Ich hab gelesen das einige ihre Bilder von Digicams in RGB bearbeiten und dann in CMYK umwandeln um sie dann z.B. in InDesign zu platzieren, andere fragen nach den CMYK Werten von RAL oder Pantone Farben und ich weis selbst, dass viele Bild-Dateien (Postscript, EPS, PDF, JPG oder TIFF) aus der Vorstufe in CMYK kommen.

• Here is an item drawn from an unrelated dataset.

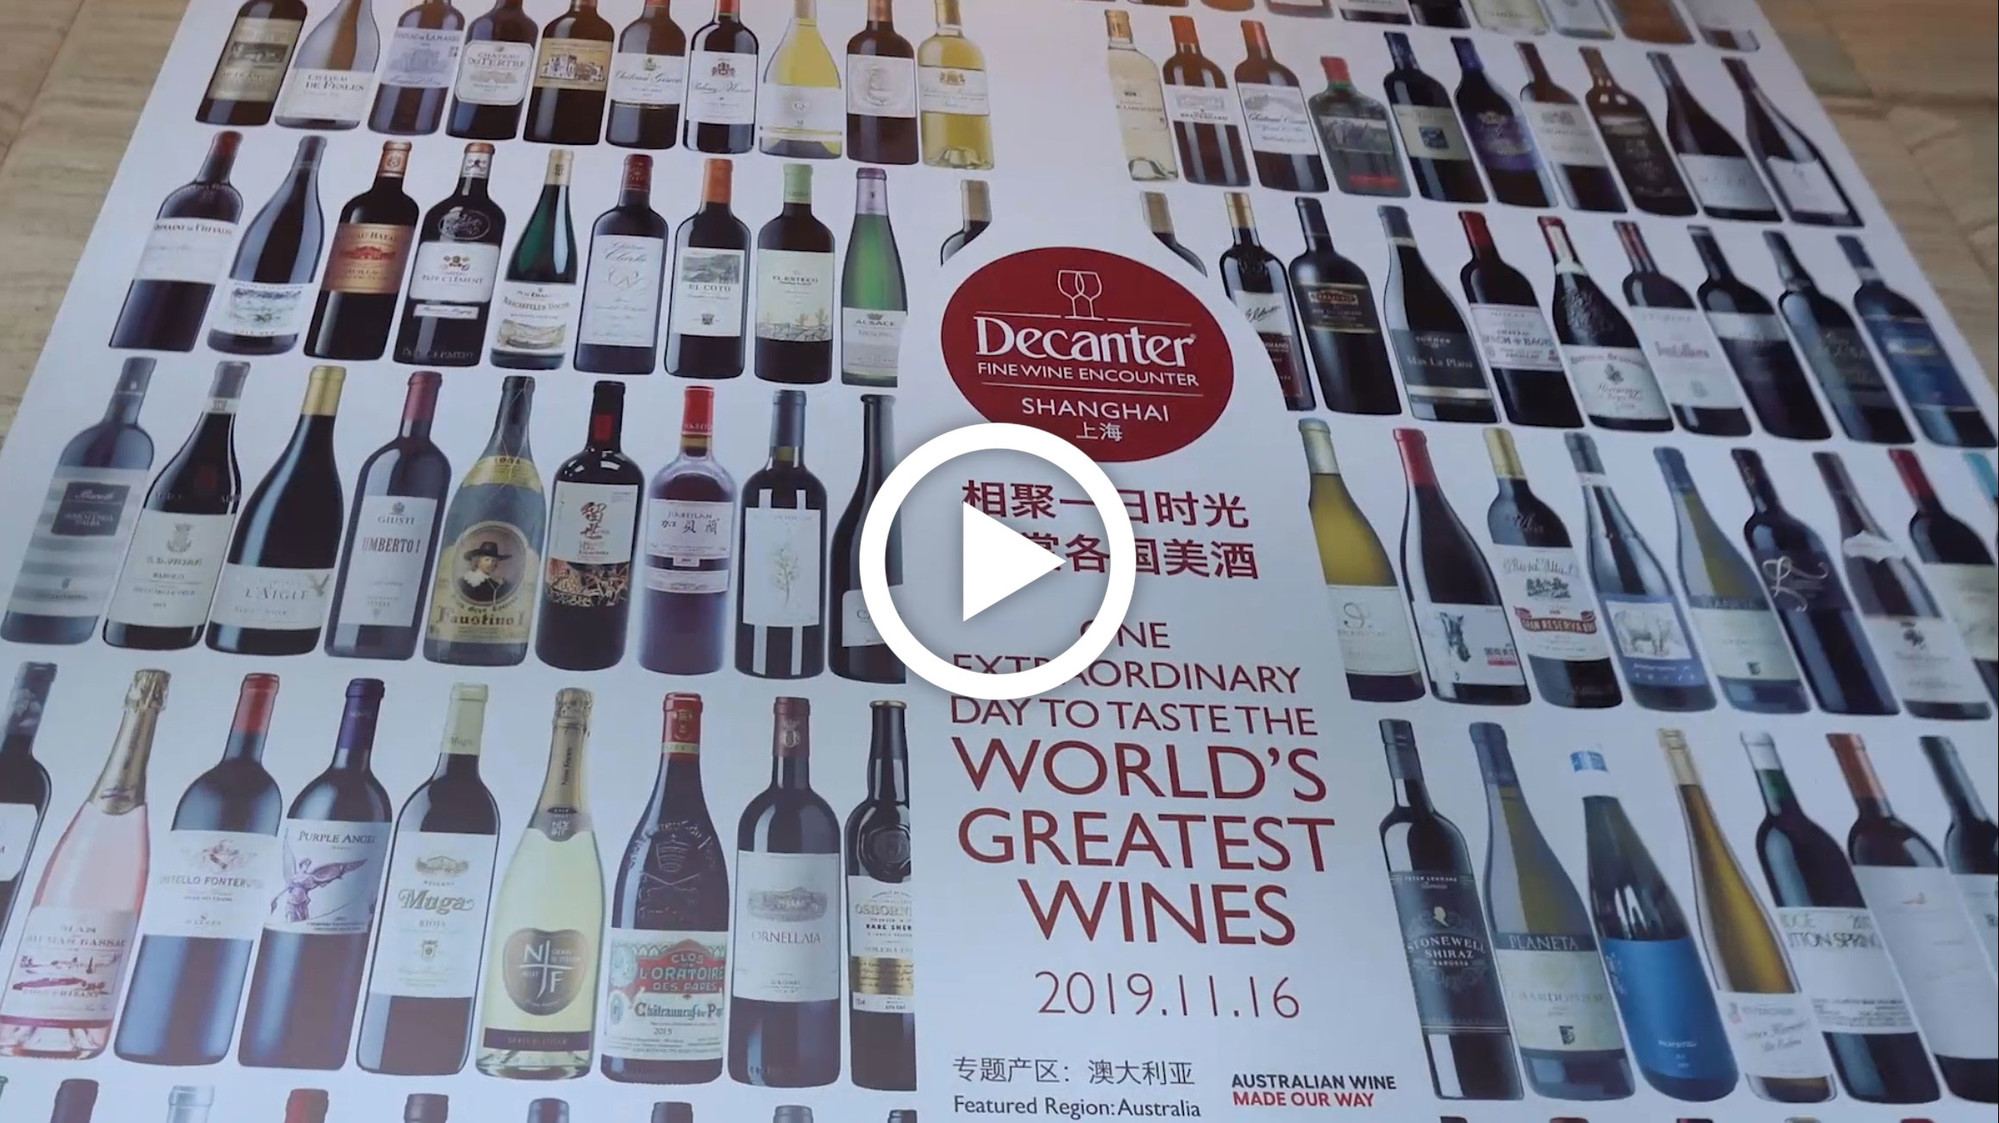 Highlight video of the Decanter Shanghai Fine Wine Encounter 2019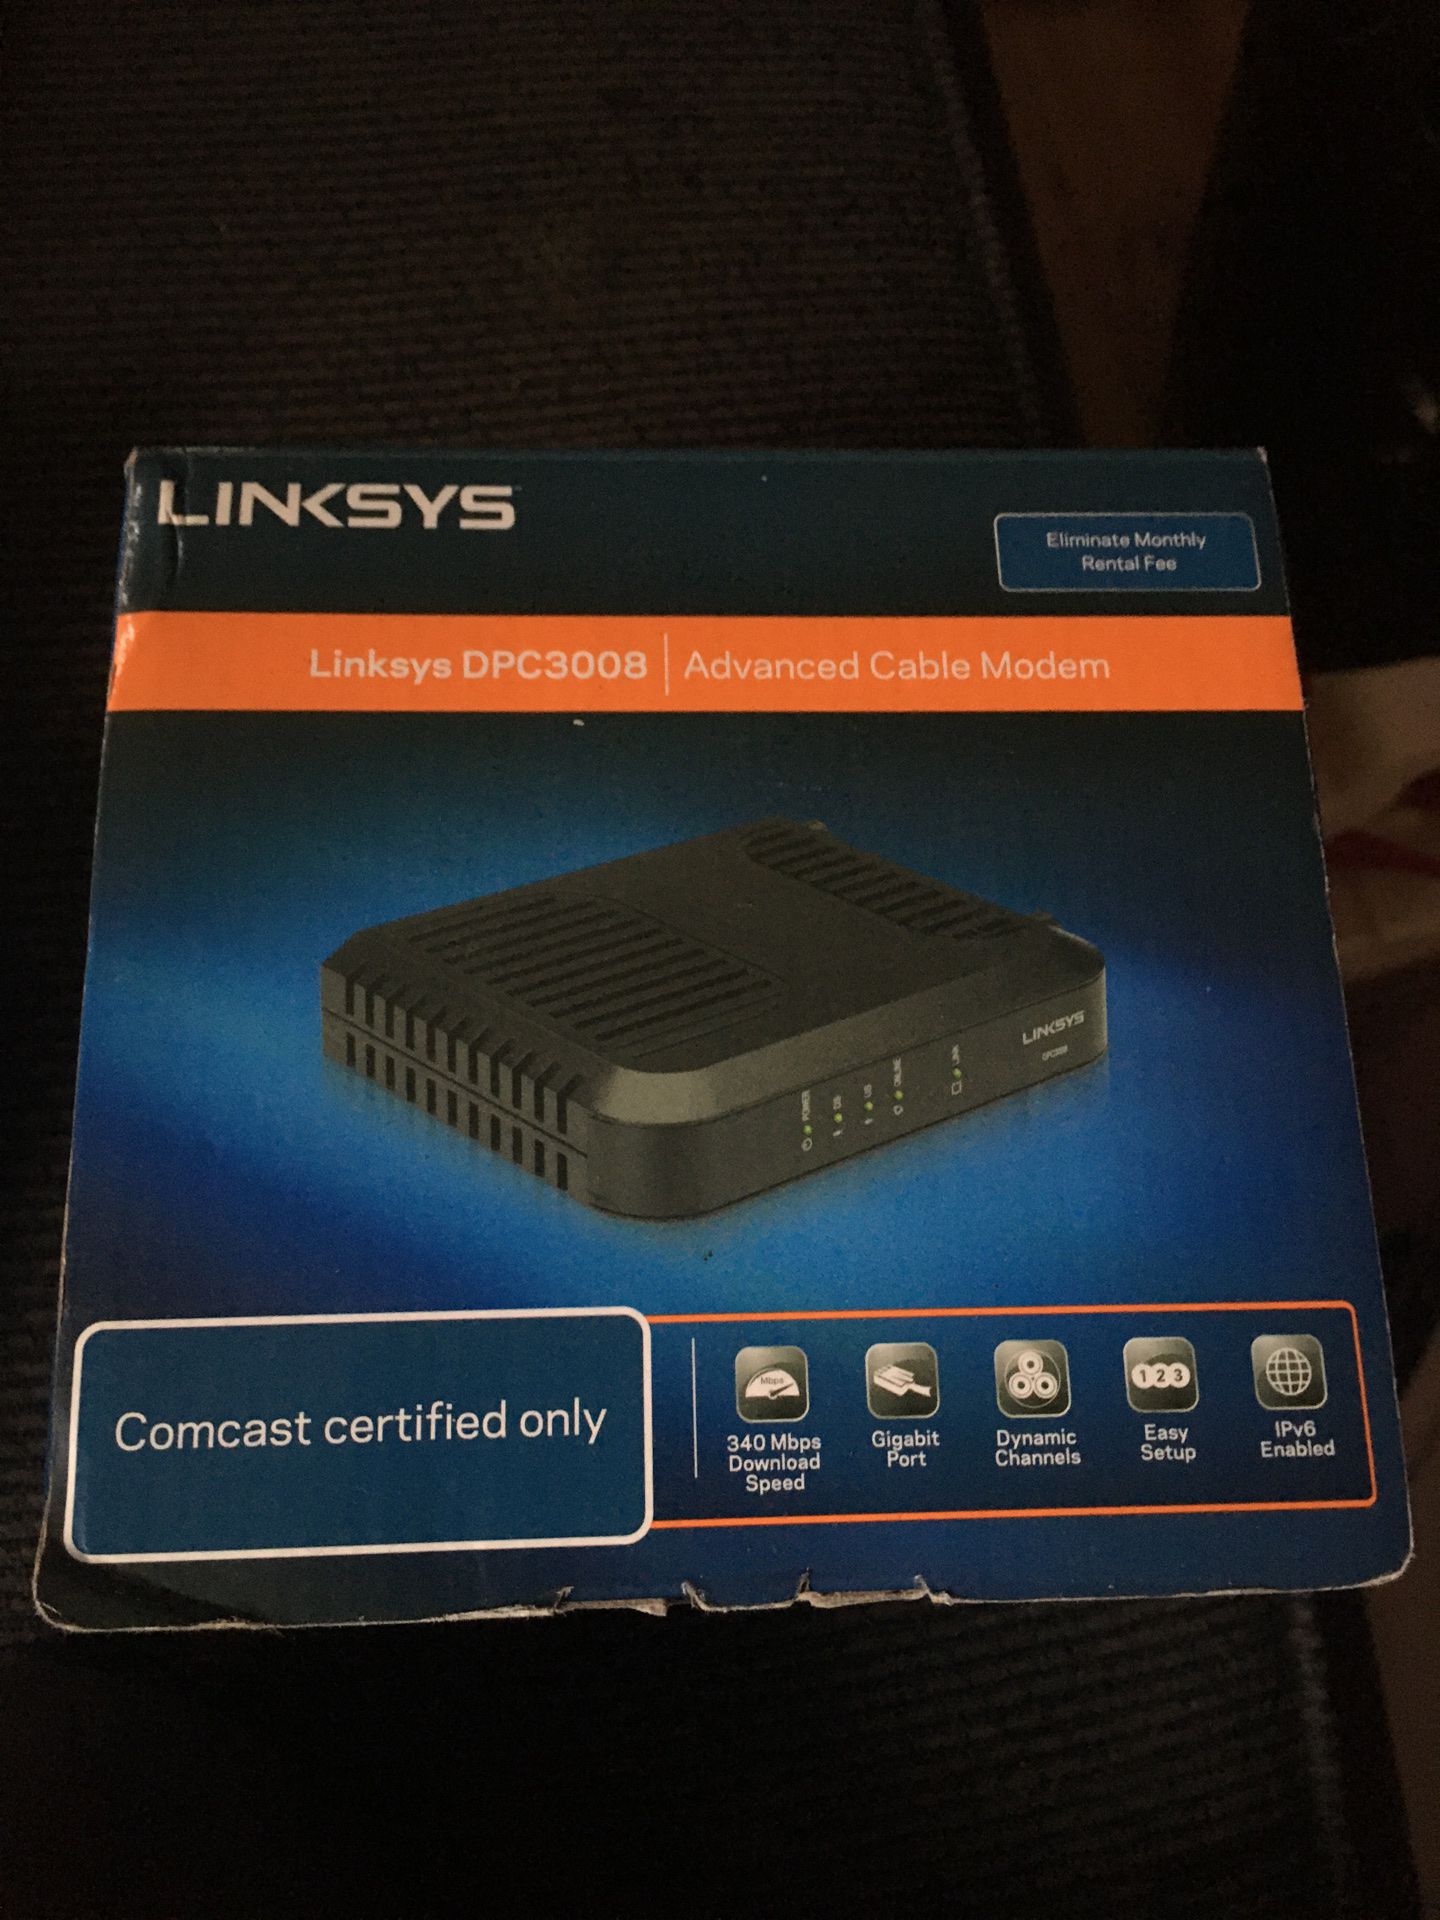 Linksys DPC3008 Comcast certified only

CMYK ist doch druckerabhängig und sollte meines Wissens erst ganz zum Schluß des Workflows (RIP) erzeugt werden ?!

Ist es nicht besser die Bildbearbeitung und das Layouten in der Vorstufe im größeren und definierteren AdobeRGB oder ECIRGB Farbraum zu machen und die Umwandlung in das Drucker-CMYK vom RIP (mit entsprechendem Ausgabeprofil) machen lassen ? Und was bringt mir der CMYK-Wert einer RAL oder Pantone-Farbe, der mit meinem Tintenstrahl-CMYK gar nix zu tun hat ? Abgesehen davon, dass ich mit meinem Tintenstrahl-Drucker keine Pantone Farben drucken kann, bin ich doch mit diesen Angaben bei jedem CMYK Drucker woanders. Wenn ich 3 Tintenstrahl-Drucker habe und jeweils die 3 Gelb-Tinten nebeneinander stelle, habe ich 3 unterschiedliche Gelb-Töne.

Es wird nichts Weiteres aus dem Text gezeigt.